-- Records for this task follows --

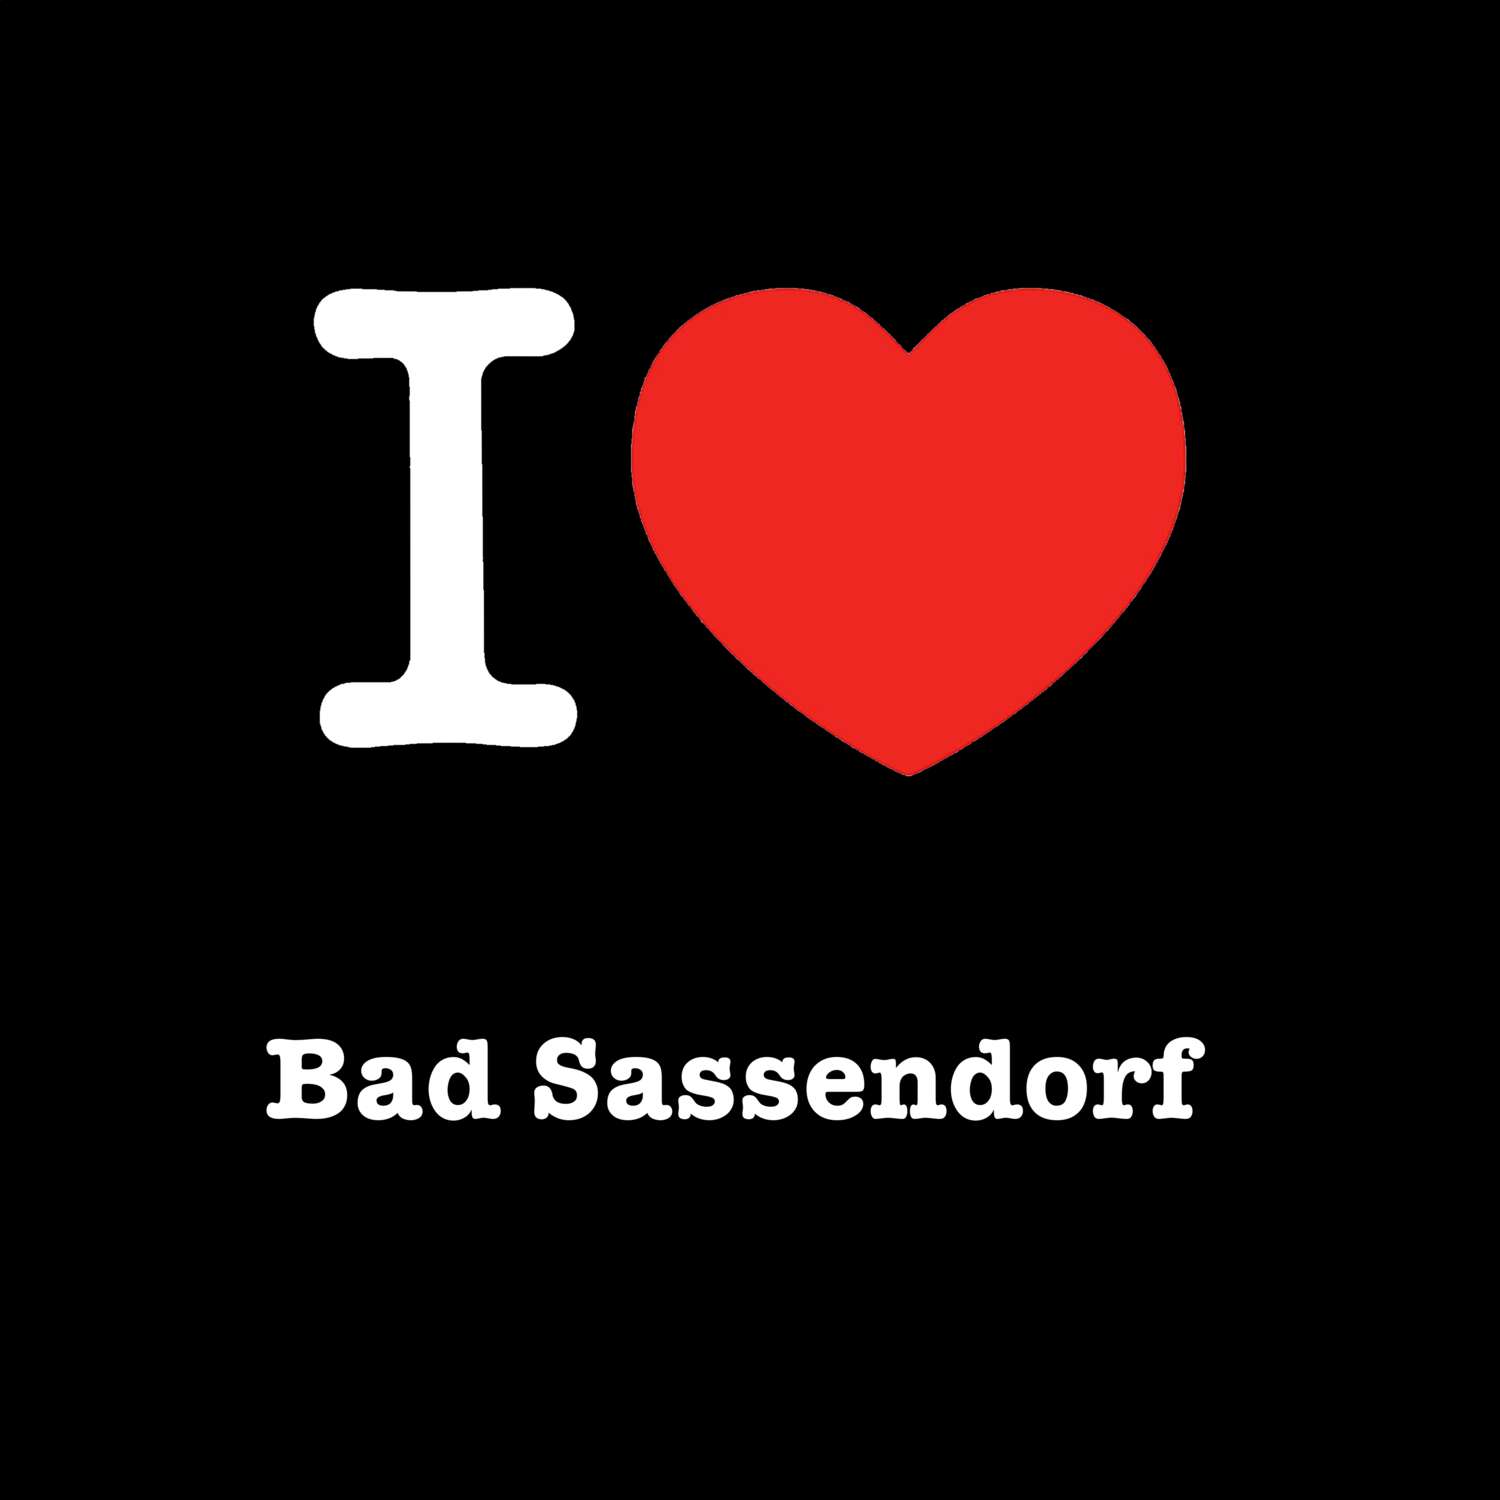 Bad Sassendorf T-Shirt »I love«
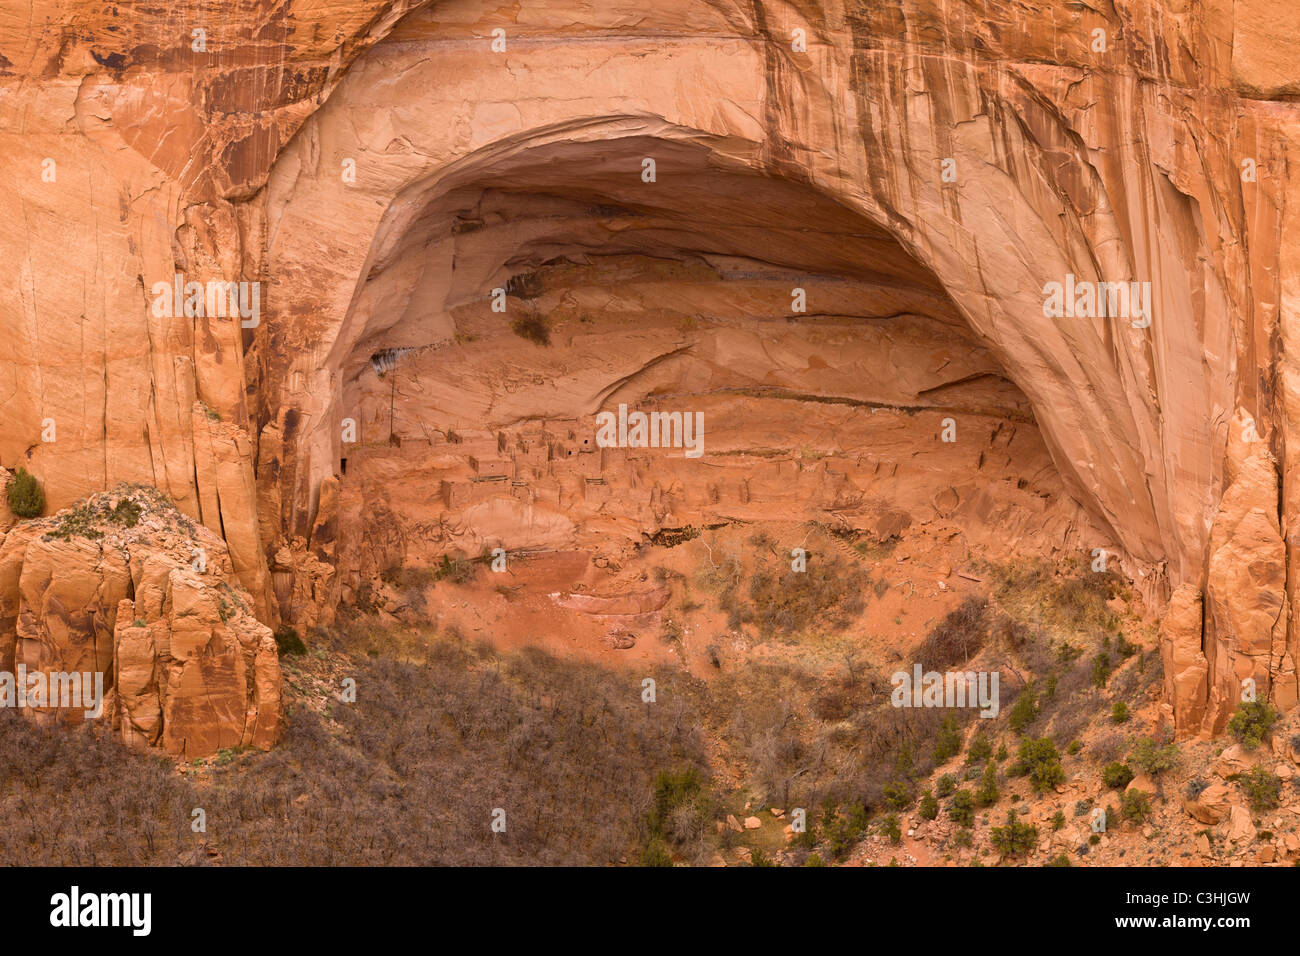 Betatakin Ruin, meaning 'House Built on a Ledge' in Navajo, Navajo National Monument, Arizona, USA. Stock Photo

-- Records for this task concluded --
-- Records for this task follows --

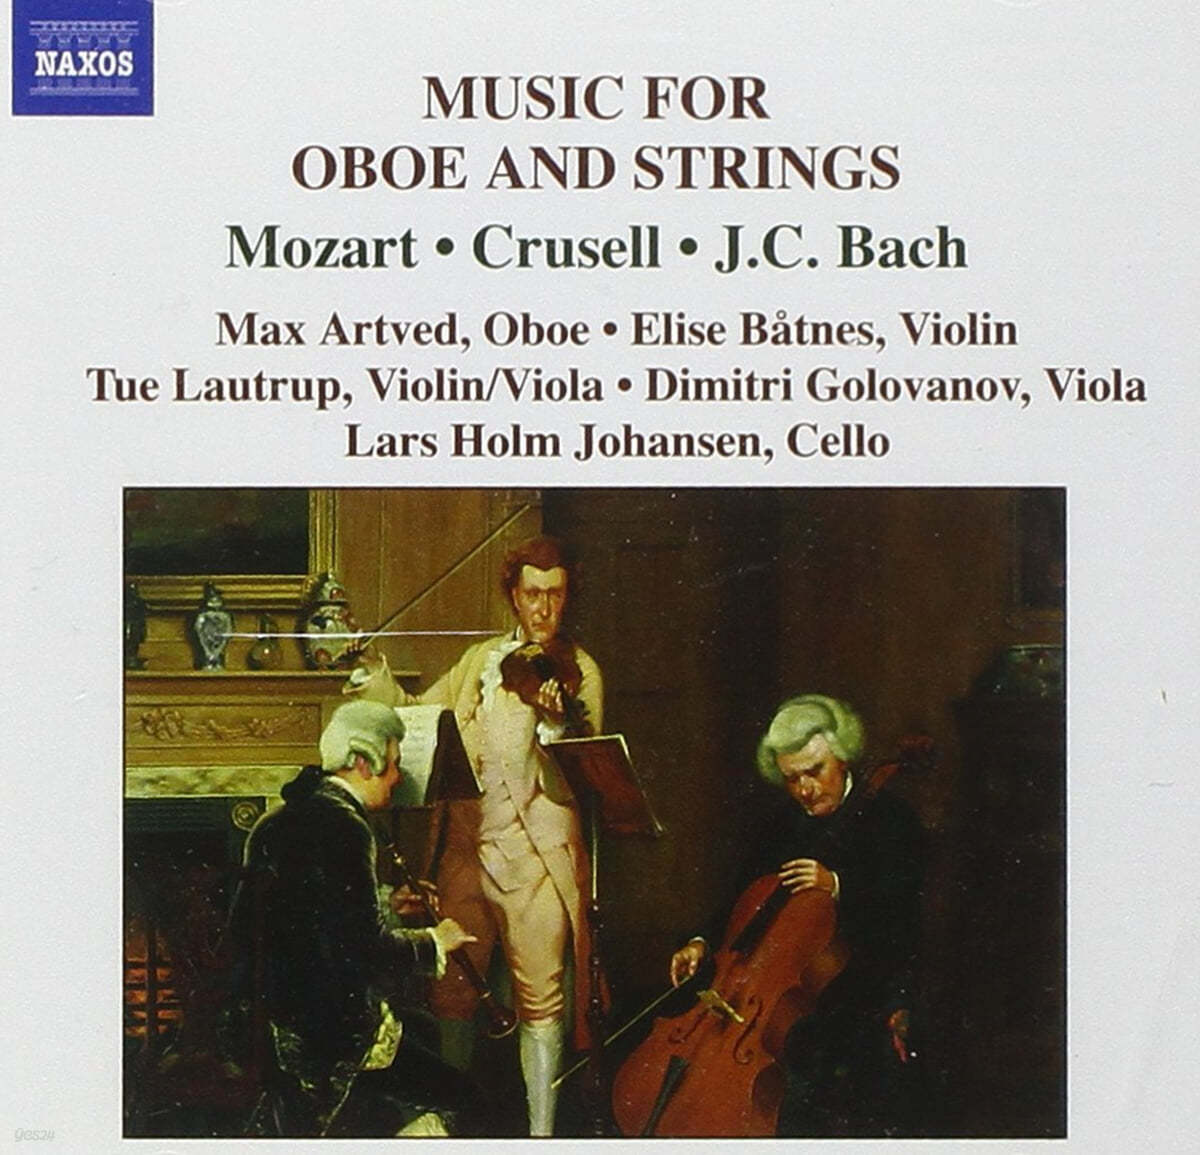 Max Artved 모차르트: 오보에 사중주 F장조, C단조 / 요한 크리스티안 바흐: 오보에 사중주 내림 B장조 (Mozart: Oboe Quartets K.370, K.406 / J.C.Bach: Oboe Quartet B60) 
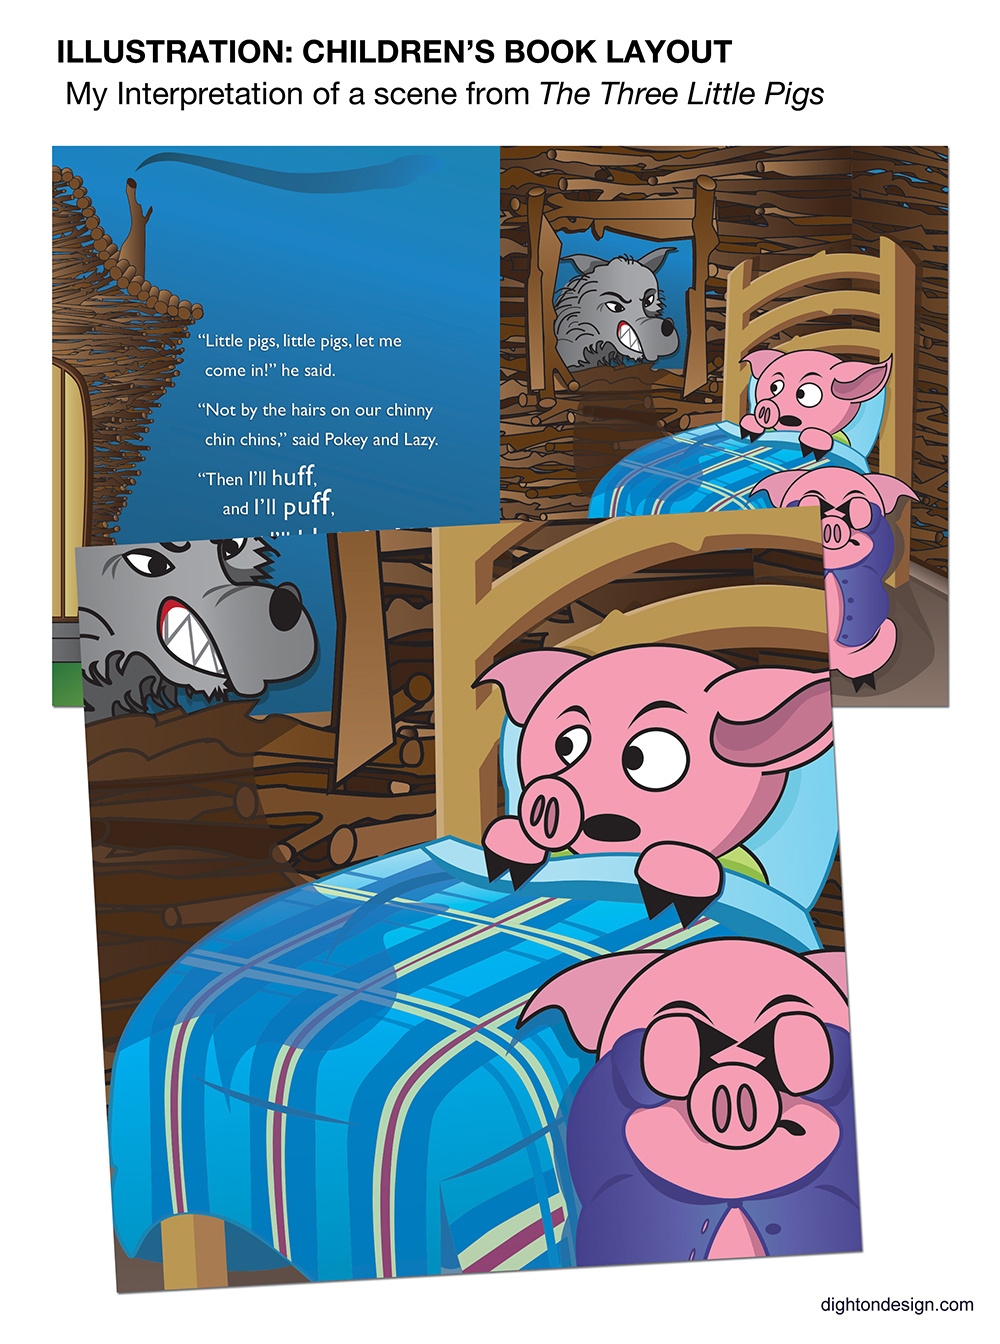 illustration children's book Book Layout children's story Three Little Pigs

-- Records for this task concluded --
-- Records for this task follows --

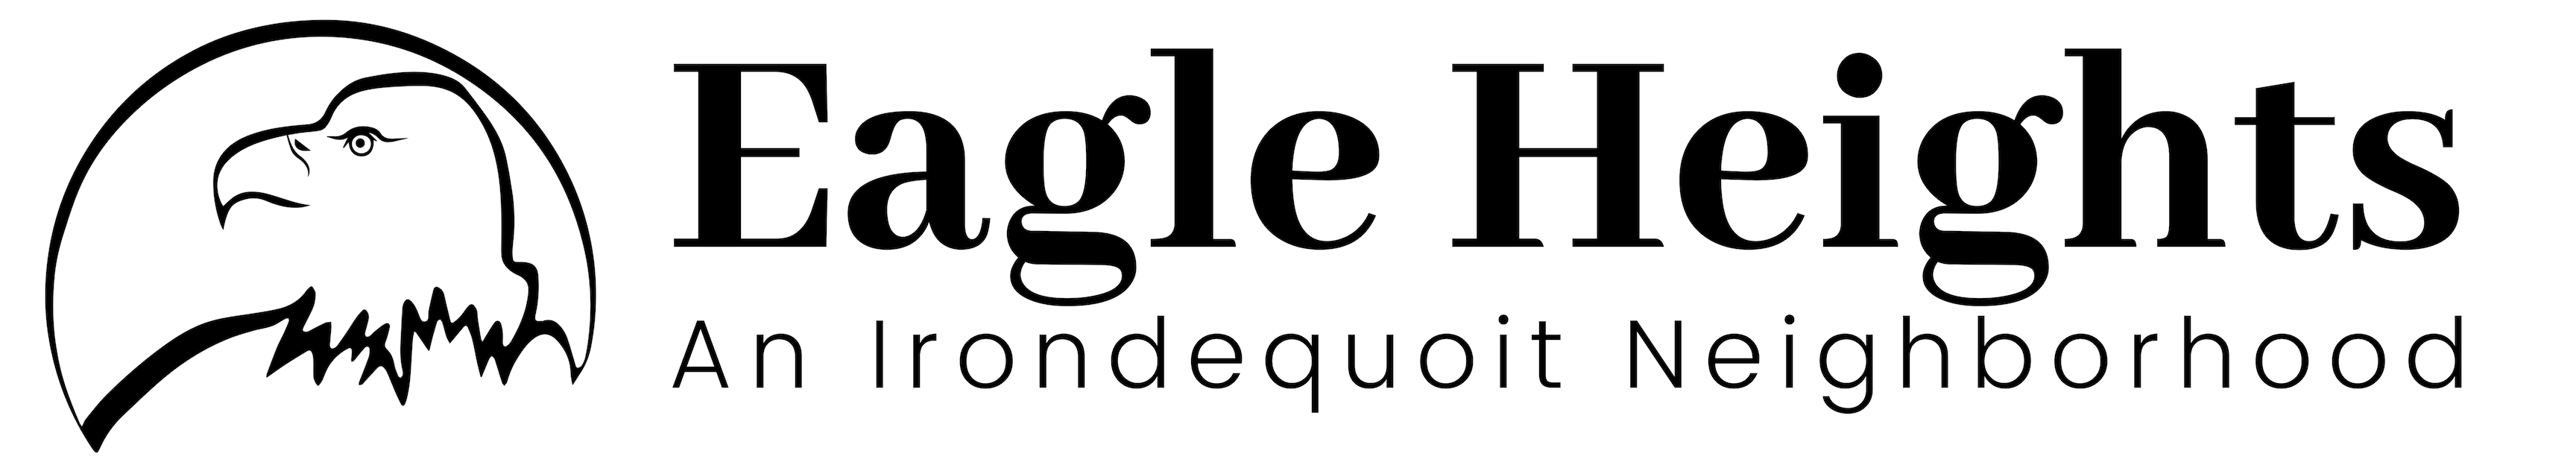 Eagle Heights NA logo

-- Records for this task concluded --

Go back to the listing above and reproduce, exactly, the stretch from the line bearing "Bad Sassendorf T-Shirt" through the line bearing "Betatakin Ruin, meaning", without its pictures.

 Bad Sassendorf T-Shirt »I love«
 Betatakin Ruin, meaning 'House Built on a Ledge' in Navajo, Navajo National Monument, Arizona, USA. Stock Photo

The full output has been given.